陈璟没有和旌忠巷闹翻的时候,他们都不会请陈璟去看病。现在闹成这样,更不会请他了。
陈老太爷生病有了段日子。
“上次见伯祖父,他的面相上看,就有点迟暮之感,左不过这一两年的事了。”陈璟道。
他过年去旌忠巷闹的时候,见过伯祖父。那时候。伯祖父身体就不太好,陈璟也瞧眼里。
人到了一定的年纪,就似绿藤到了深秋。该到了凋零。
生老病死是自然规律,医药也救不了。
“他都那么大年纪,去了也是喜丧。”三叔道。
话虽然如此,三叔语气仍是伤感。
陈璟反而劝慰他。
三叔今天出来。不单单是安慰陈璟。也是来散散心。
两人听了一上午的曲儿,又下了一上午的棋,三叔心情好转,陈璟心情也不错,这才分开,各自去忙碌了。
陈璟回了药铺。
到了下午的时候,婉君阁的人请陈璟。
陈璟就喊了魏上幸,背着药箱去了婉君阁。
他还以为这次仍是惜文生病。
不成想。却是婉娘病倒了。
陈璟跟着龟奴,进了婉娘的卧房。
婉娘的屋子。不似惜文的素净,银红色的幔帐,用金钩挂起。日光从窗棂透进来,映在金钩上,反映着金光,屋子里金碧辉煌。
隐约听到婉娘不时的轻声咳嗽。
屋子里有三个女子,为首的是惜文。
其他两人,陈璟没见过。
她们三人簇拥在婉娘的床前,嘘寒问暖,直到陈璟进来,她们才把位置让给了陈璟。
陈璟叫了声婉姨。
婉娘发热、咳嗽气喘,情况不算特别严重。
“昨日下午的时候,咳嗽了几声,倒也不慎严重。到了夜里忙碌起来,全然忘了这回事。不成想,夜里又咳嗽起来。

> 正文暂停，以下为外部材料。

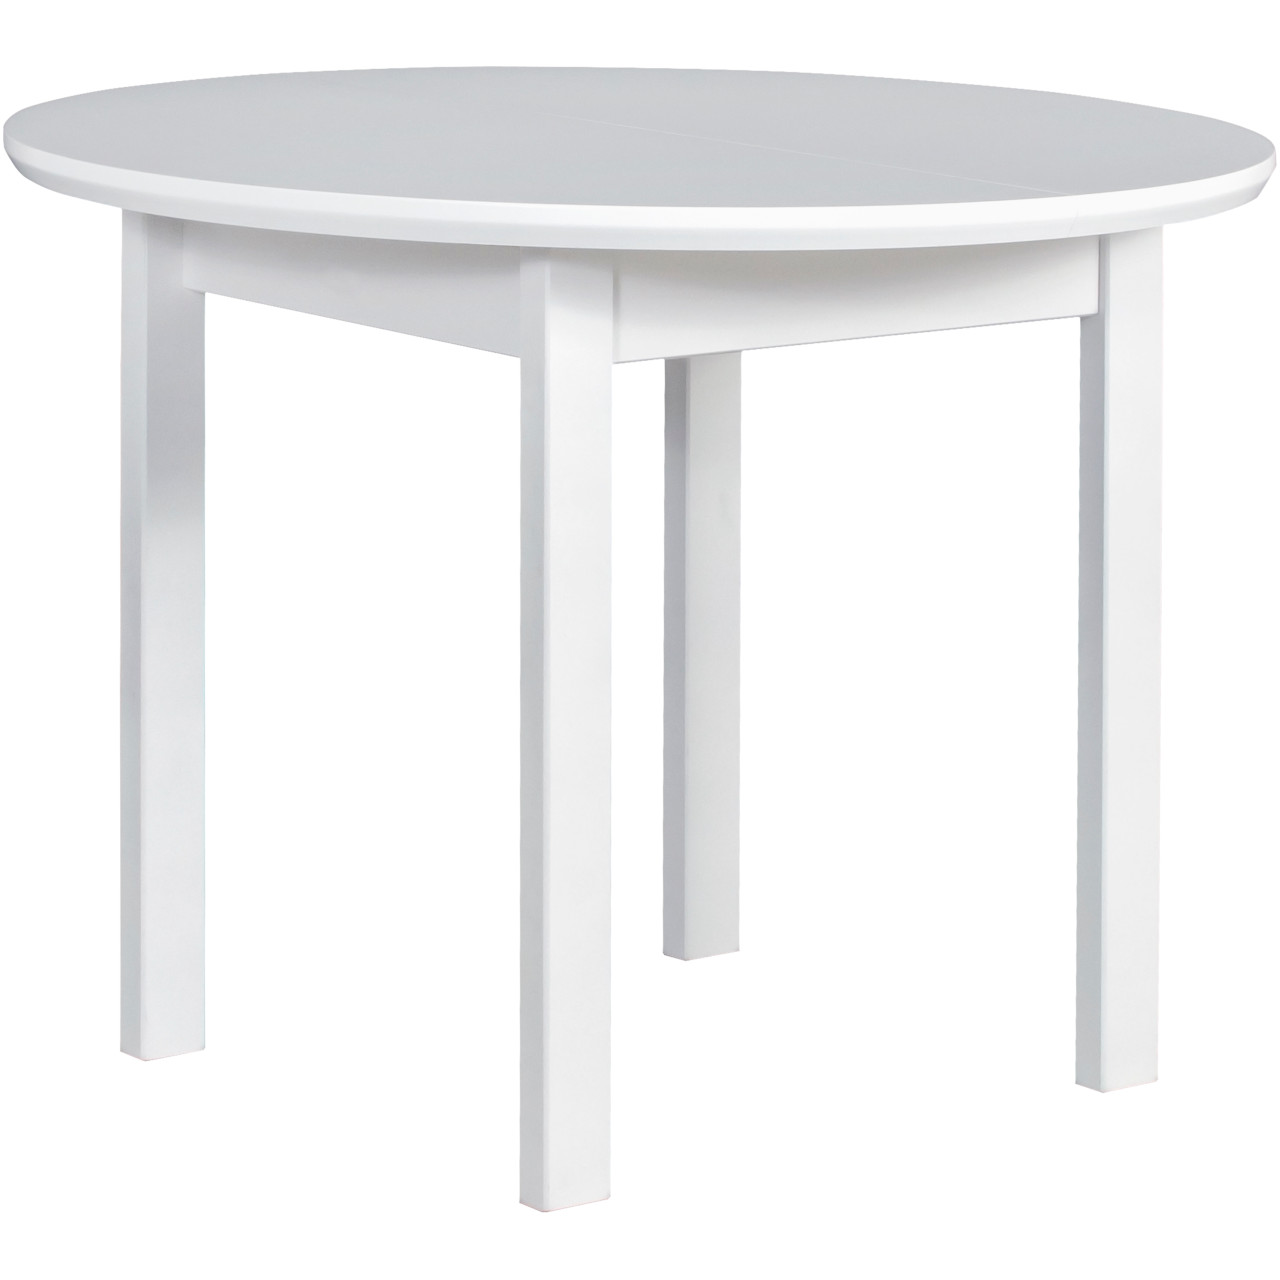 Table POLI 1 100x100/130 white MDF

睡着了,夜里也不曾发作。只是刚起来,头沉得很,有点发热气喘,这才急忙派人去请你。”婉娘把自己的情况,说给陈璟听。
陈璟点点头,笑着对婉娘道:“您的面色尚好,病情不重。我先给您把脉吧。”
他先说些话来安慰病家。
婉娘很信任陈璟,知道陈璟的医术着实厉害,心里顿时松了一半,微笑颔首。
陈璟坐下,给婉娘诊脉。
婉娘的脉数,体内有热。
再诊断几番,陈璟确定,婉娘这是温病。
在这个年代,温病和风寒的症状类似,所以混为一谈,直到清代才分为两个派系。风寒是染了寒邪,需要用温热的药,把寒邪透出去;而温病是染了温热之邪,需要用寒凉的药,把热邪清泄出去。
两种治疗方法迥异。
婉娘是热邪入里,热积在中焦。
她自己警惕,一生病就请了陈璟,所以病情不重,很容易治疗。若是她请了其他大夫,绝对用风寒的法子治,到时候就危险。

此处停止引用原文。